● TASK DIRECTIONS: Copy the lines below as they are; omit the images they contain.

● DATA BELOW:
- Opening Delimiter -

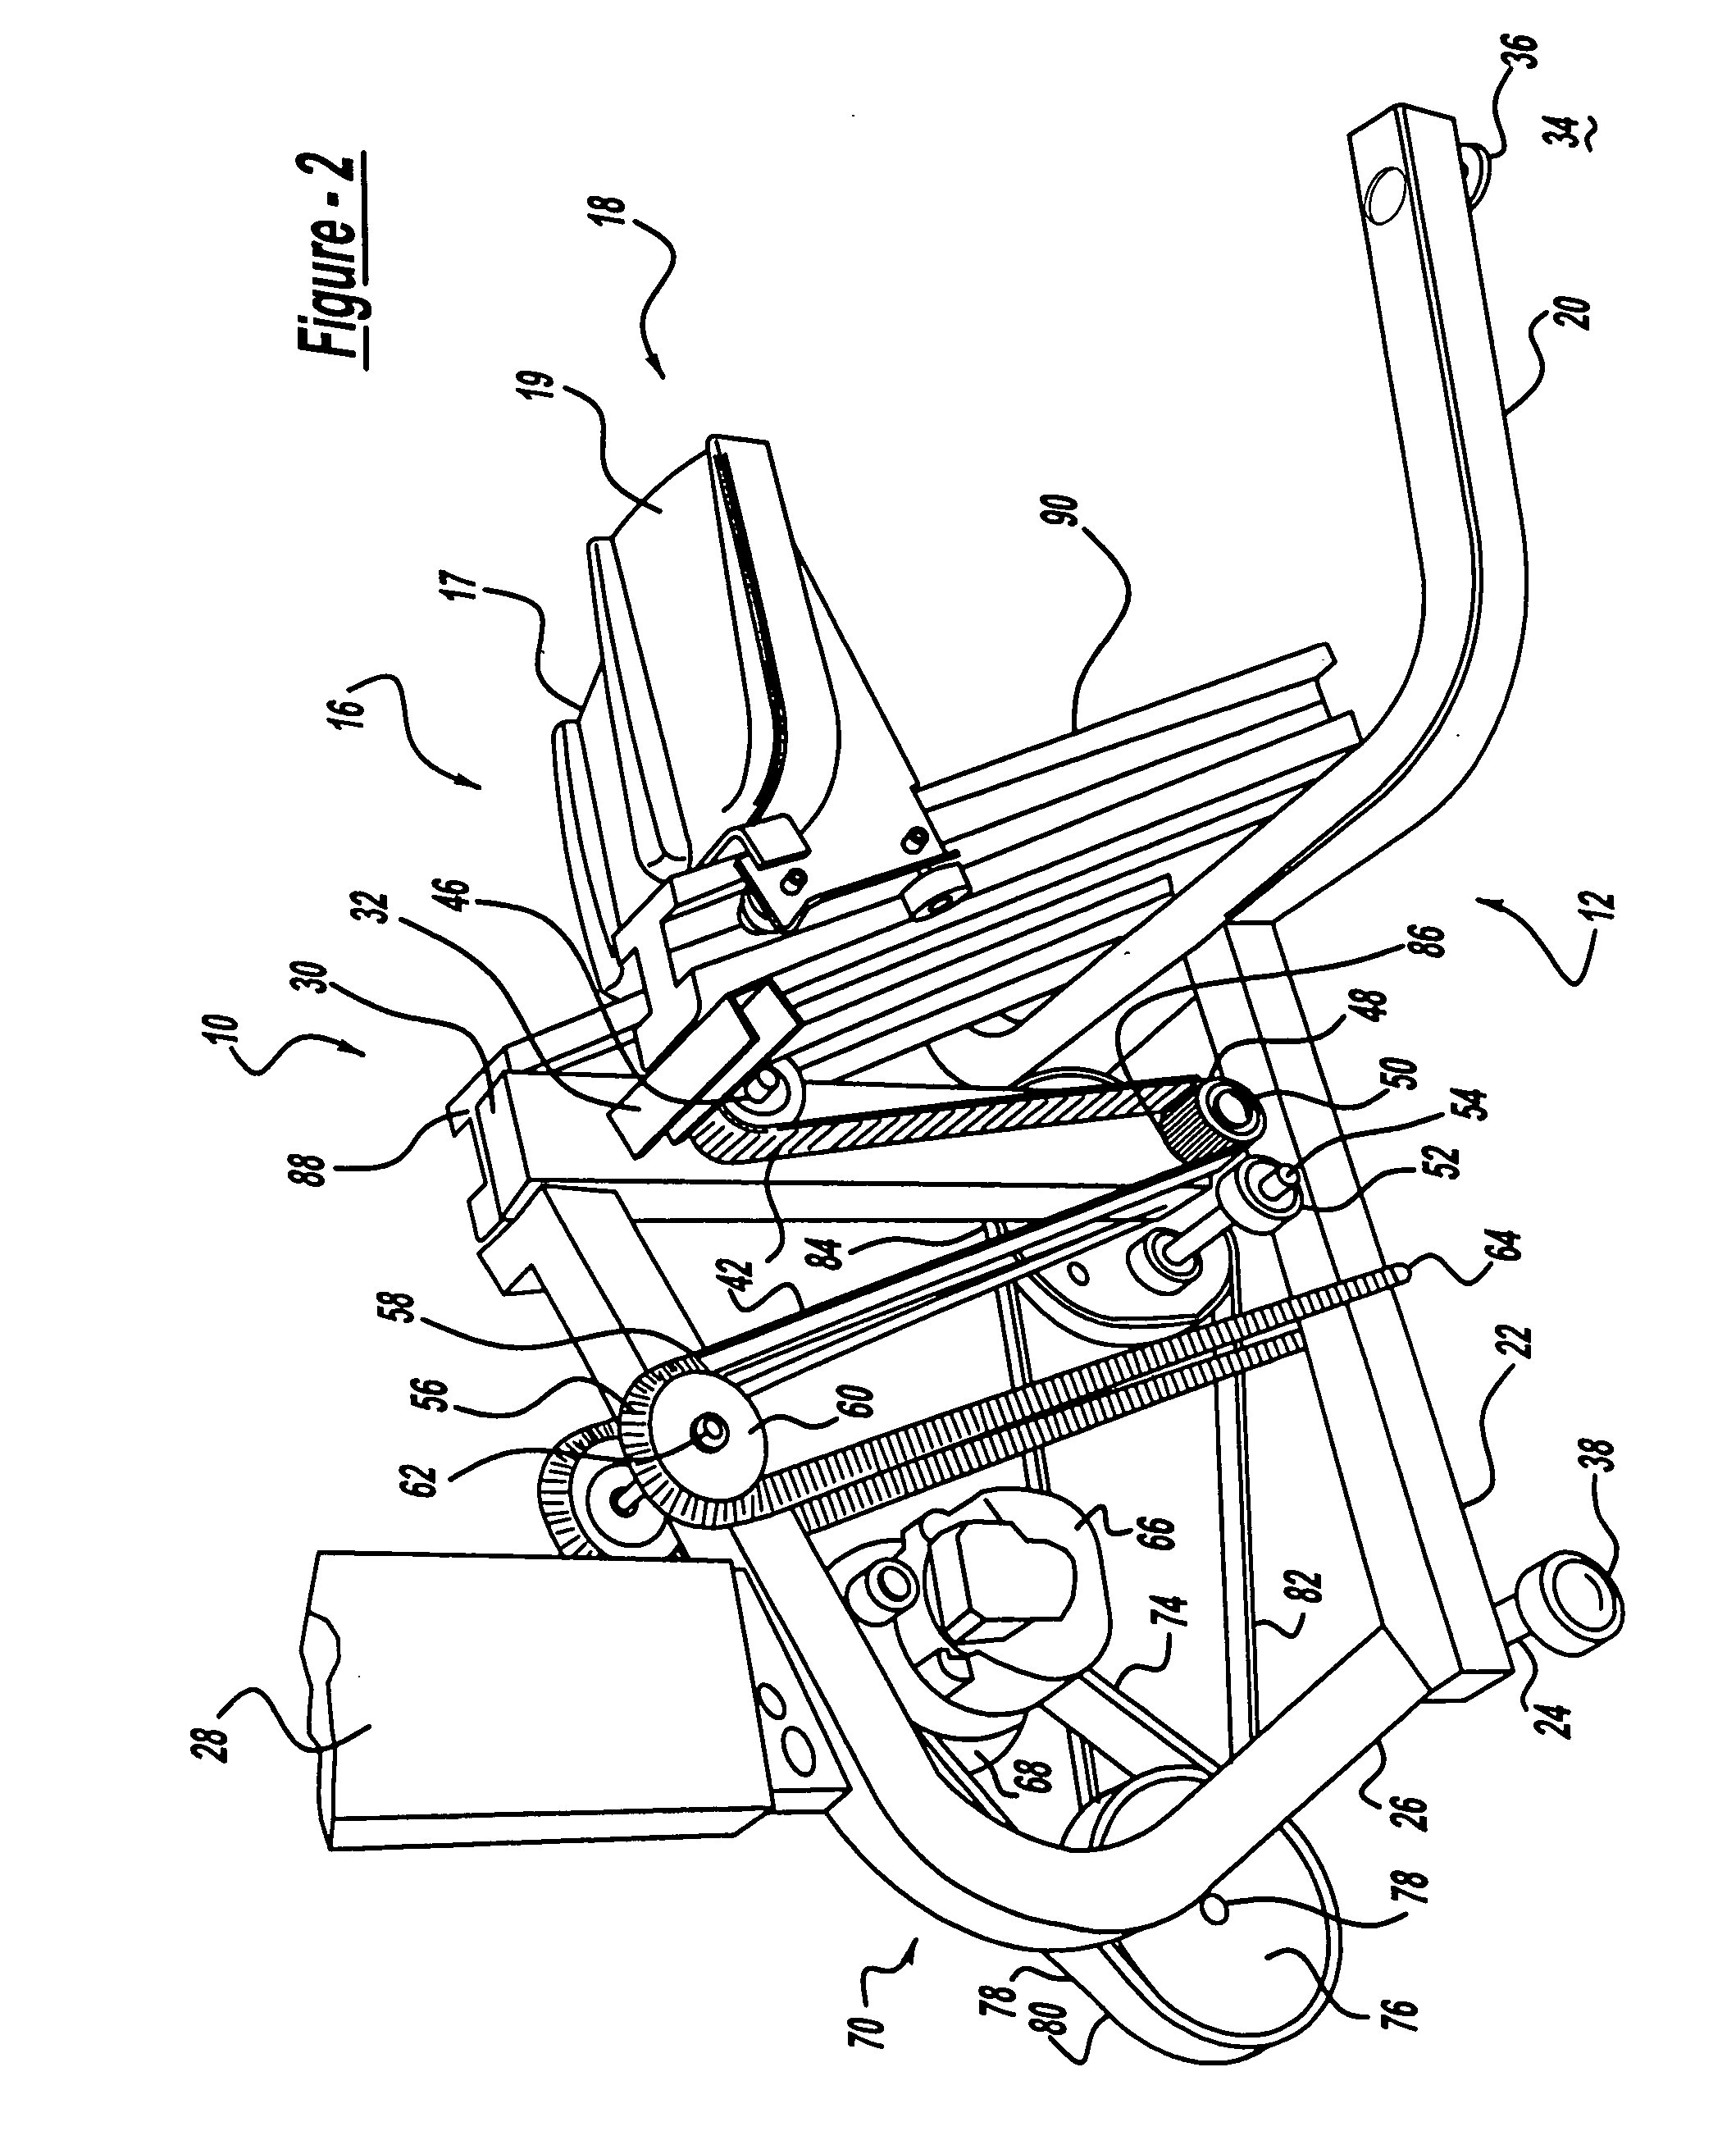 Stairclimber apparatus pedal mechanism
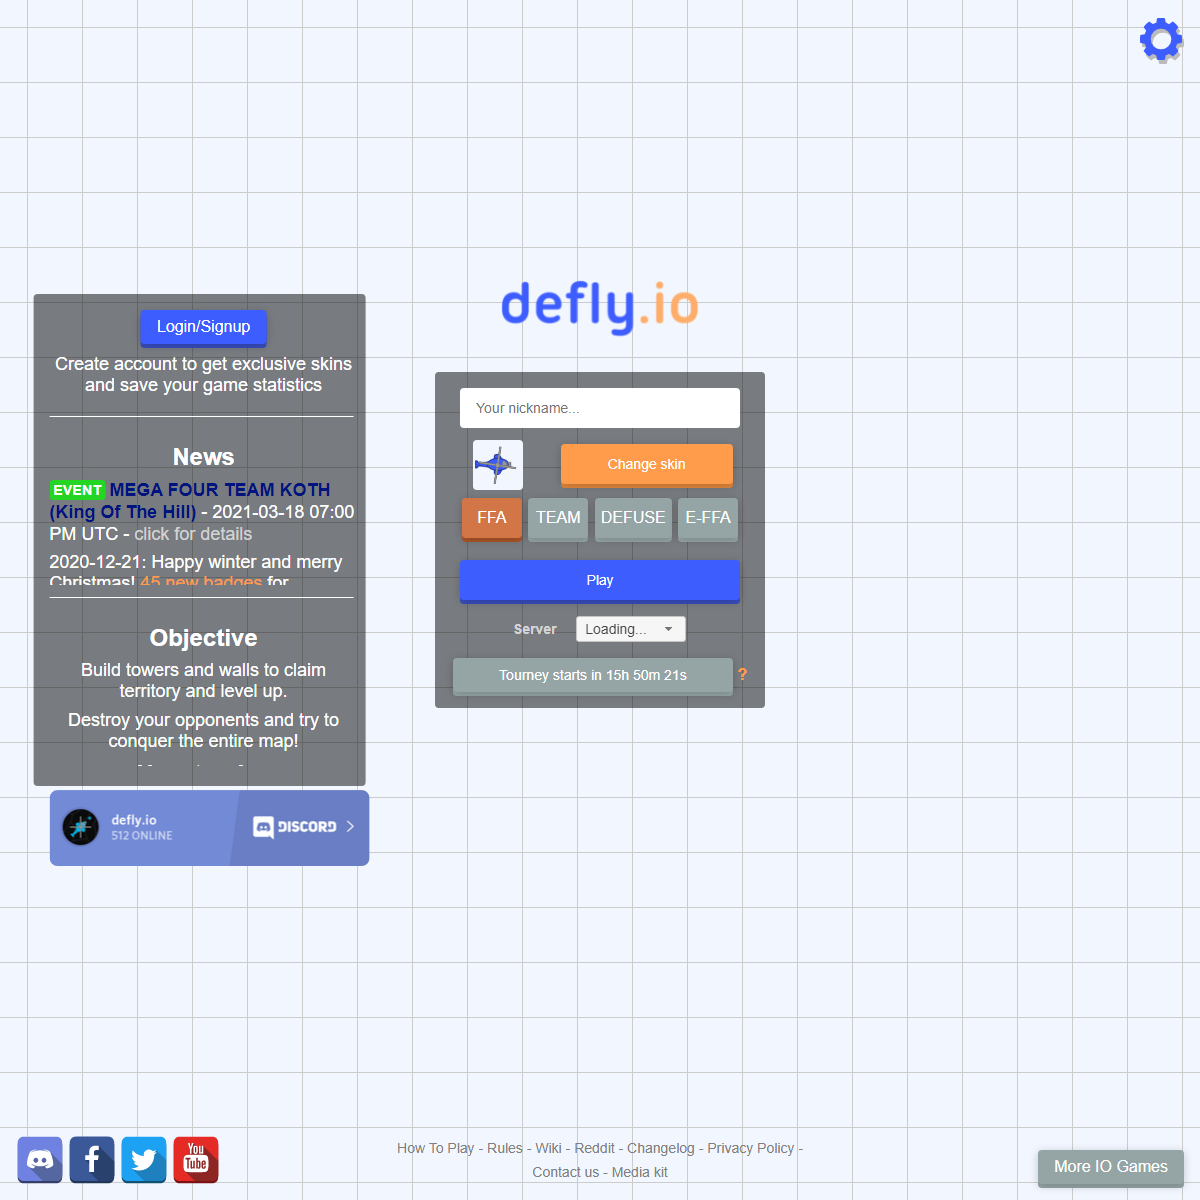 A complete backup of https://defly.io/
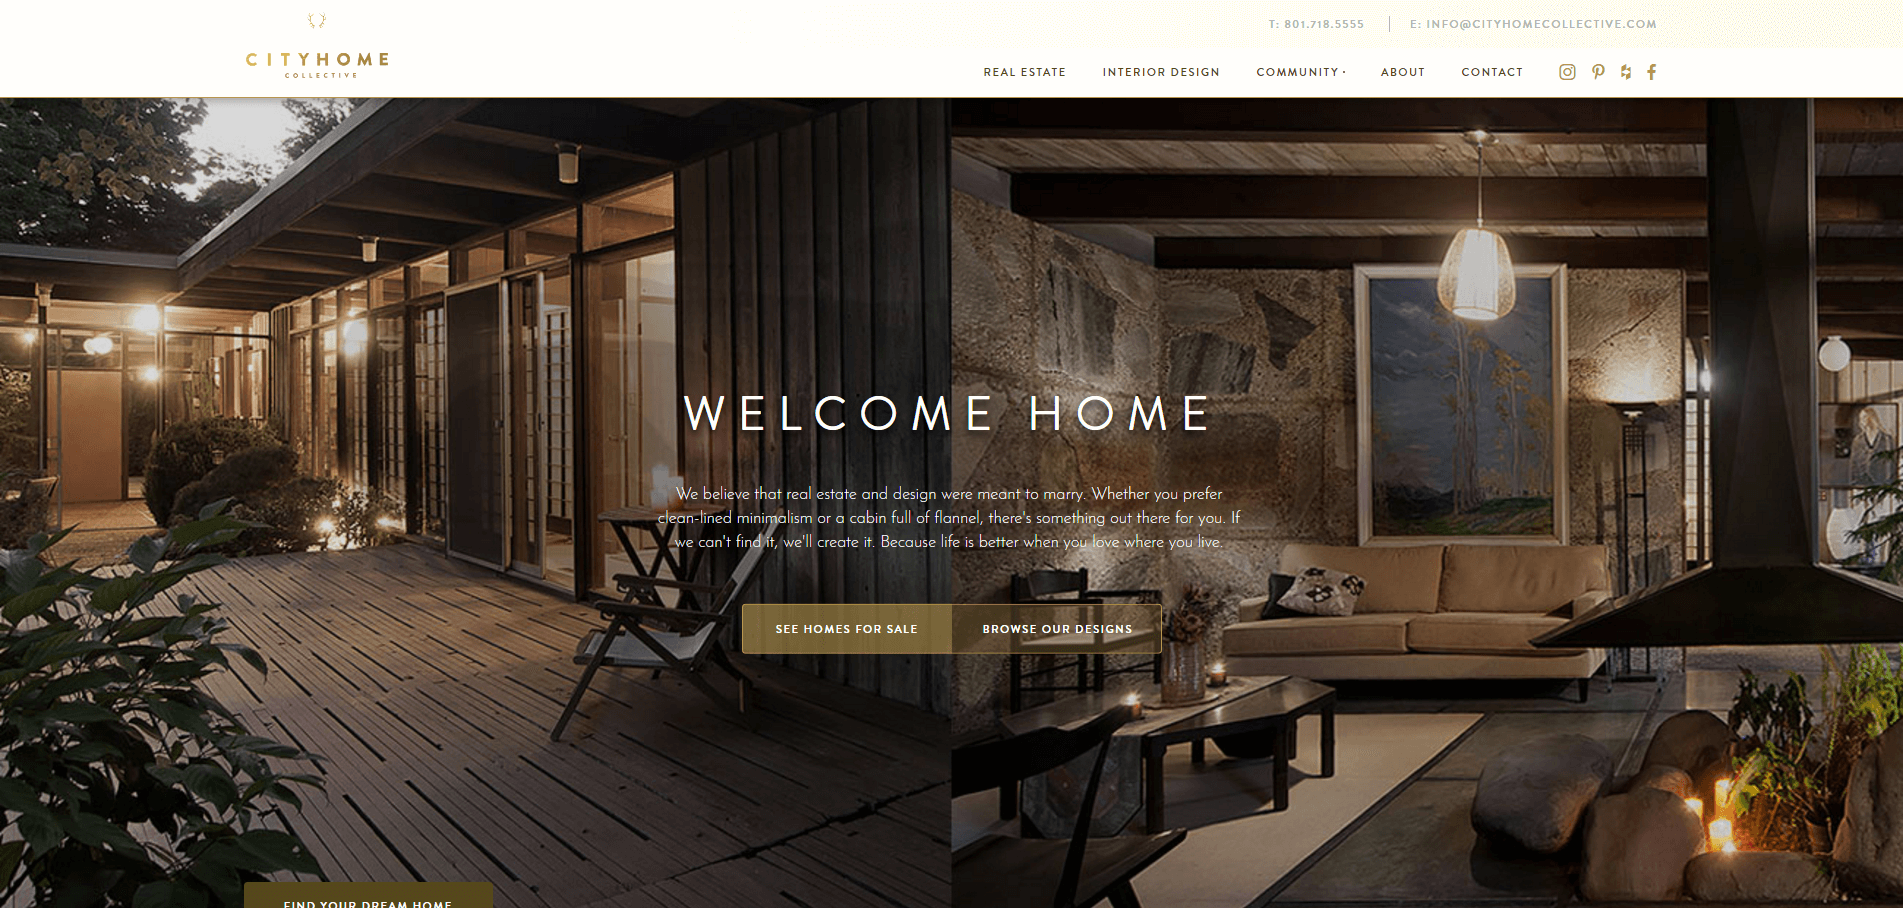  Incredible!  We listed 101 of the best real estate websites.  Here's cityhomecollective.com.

- Closing Delimiter -

● REPLY TO THE EXERCISE:
 Stairclimber apparatus pedal mechanism
 A complete backup of https://defly.io/
  Incredible!  We listed 101 of the best real estate websites.  Here's cityhomecollective.com.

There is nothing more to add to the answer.